A Supreme Court bench of Justices Vikram Nath and Sandeep Mehta acquits three men of murder charges, finding the FIR was a post-investigation fabrication and the prosecution witnesses were not present at the crime scene.

The Supreme Court on 15 July 2026 acquitted three men convicted of murder under Section 302 read with Section 149 of the Indian Penal Code, setting aside convictions that had stood since 1981 and been affirmed by the Allahabad High Court in 2011. The bench of Justice Vikram Nath and Justice Sandeep Mehta held that the prosecution's first information report was, in all probability, a post-investigation document rather than a contemporaneous account of the crime. The Court found that the chik FIR, purportedly registered on 28 June 1977, reached the jurisdictional Magistrate only on 30 June 1977 — a gap neither explained by the trial Court nor noticed by the High Court. Taken together with the unattended dead body, a 48-hour delay in post-mortem, and contradictions in who accompanied the complainant to the police station, the Court held that the prosecution had failed to establish guilt beyond reasonable doubt.

How the Case Reached the Supreme Court

The prosecution case arose from the intervening night of 27/28 June 1977 in District Gonda, Uttar Pradesh.
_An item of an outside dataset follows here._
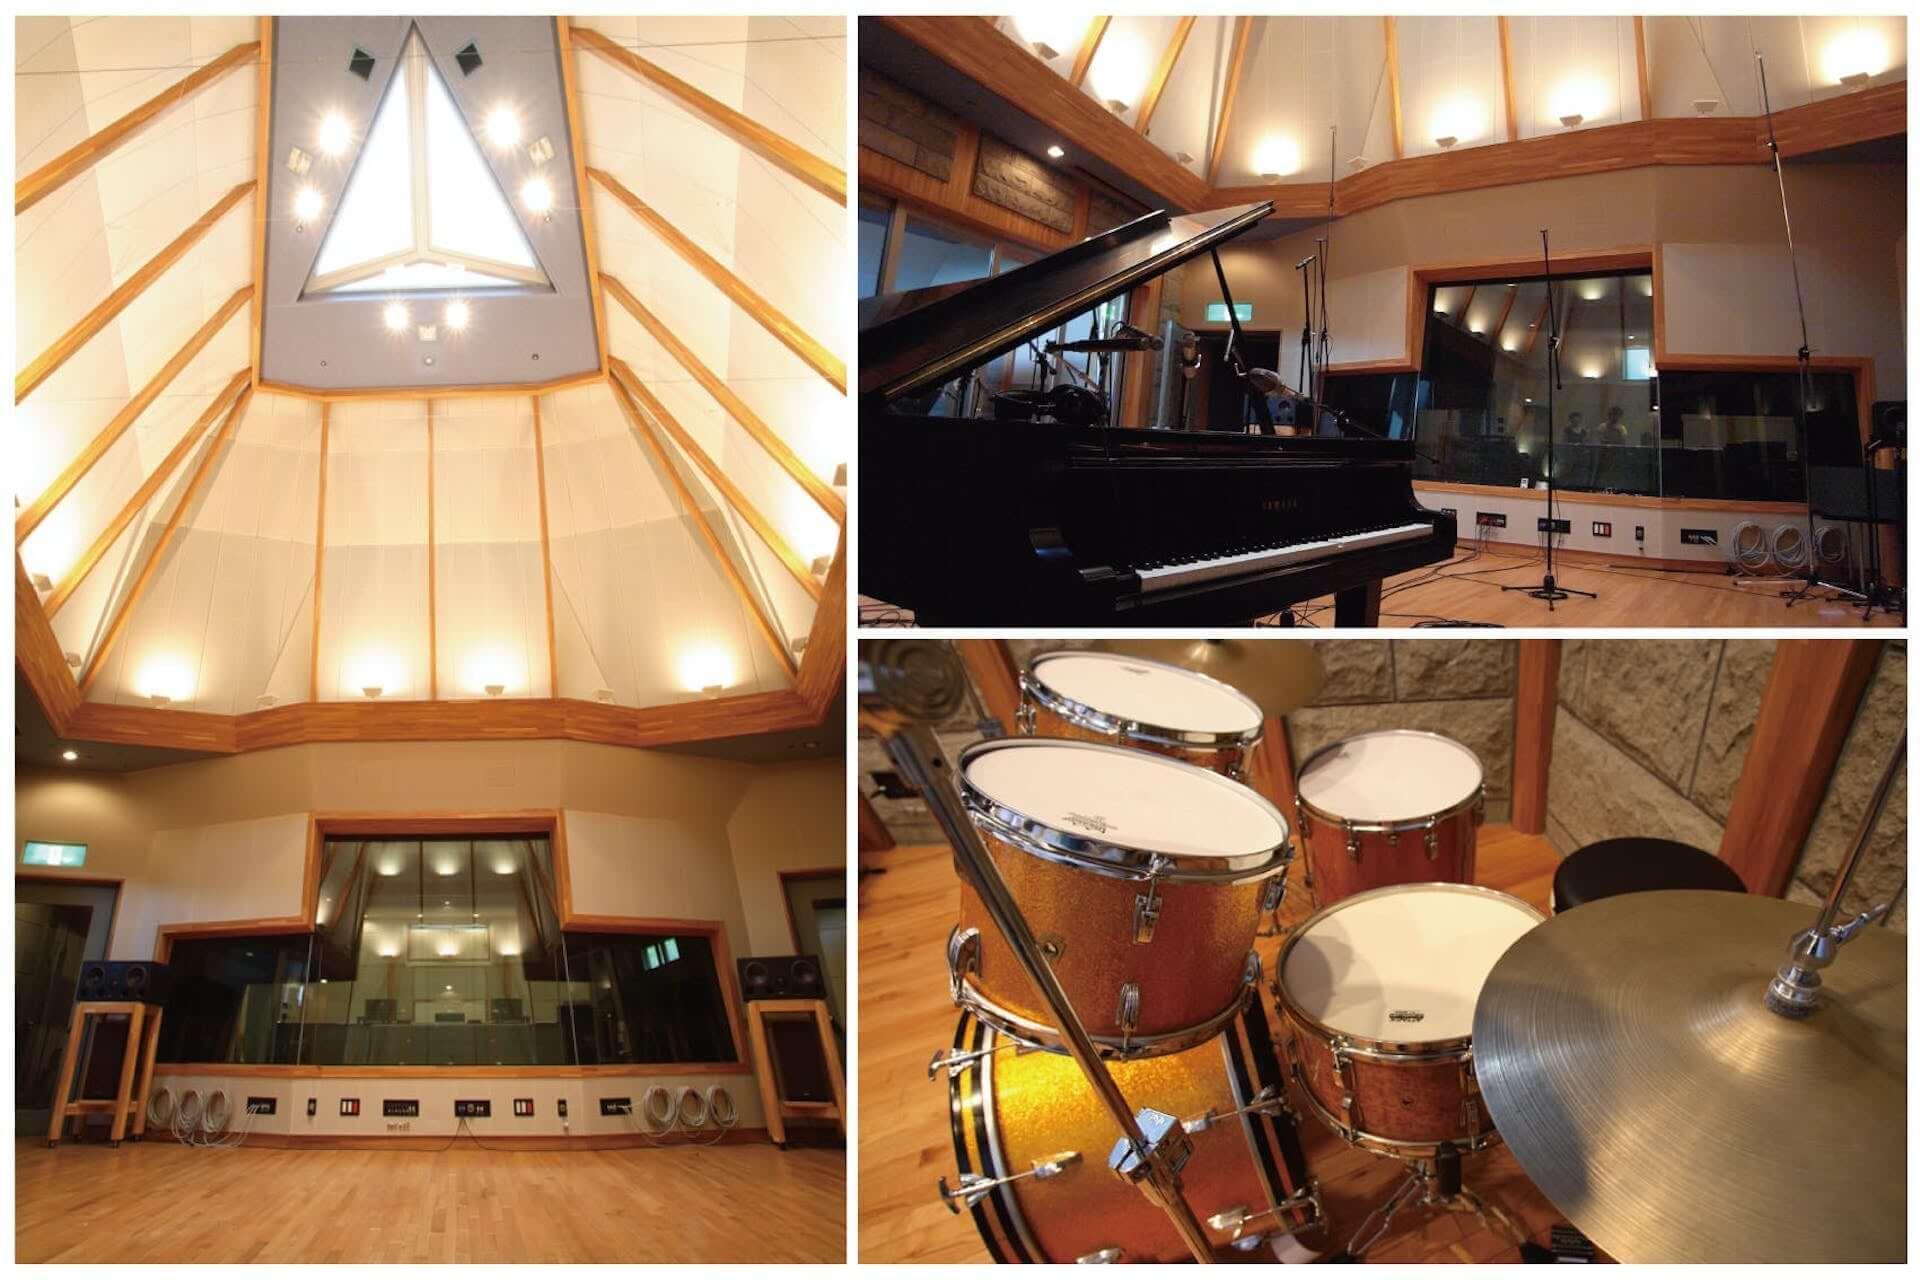 坂本龍一×大貫妙子のアルバムもレコーディングされた札幌「芸森スタジオ&CloudLodge」応援クラウドファンディングが実施中! art200707_sapporo_geimori_st_9-1920x1280

According to the FIR, a group of persons — the complainant Raghav Ram (PW-1), Ram Nath (PW-2) and Nand Lal Singh (PW-4) — were returning from a cattle fair and a market at Colonelganj at about 4:30 p.m. when six accused persons, lying in ambush beneath a bail tree at the western border of village Kanchanpur, emerged armed with a kanta, ballam and lathi and assaulted Harihar Saran, the deceased-victim. The complainant party fled. Harihar Saran could not escape and was killed. Two bicycles allegedly belonging to the accused were found abandoned at the spot.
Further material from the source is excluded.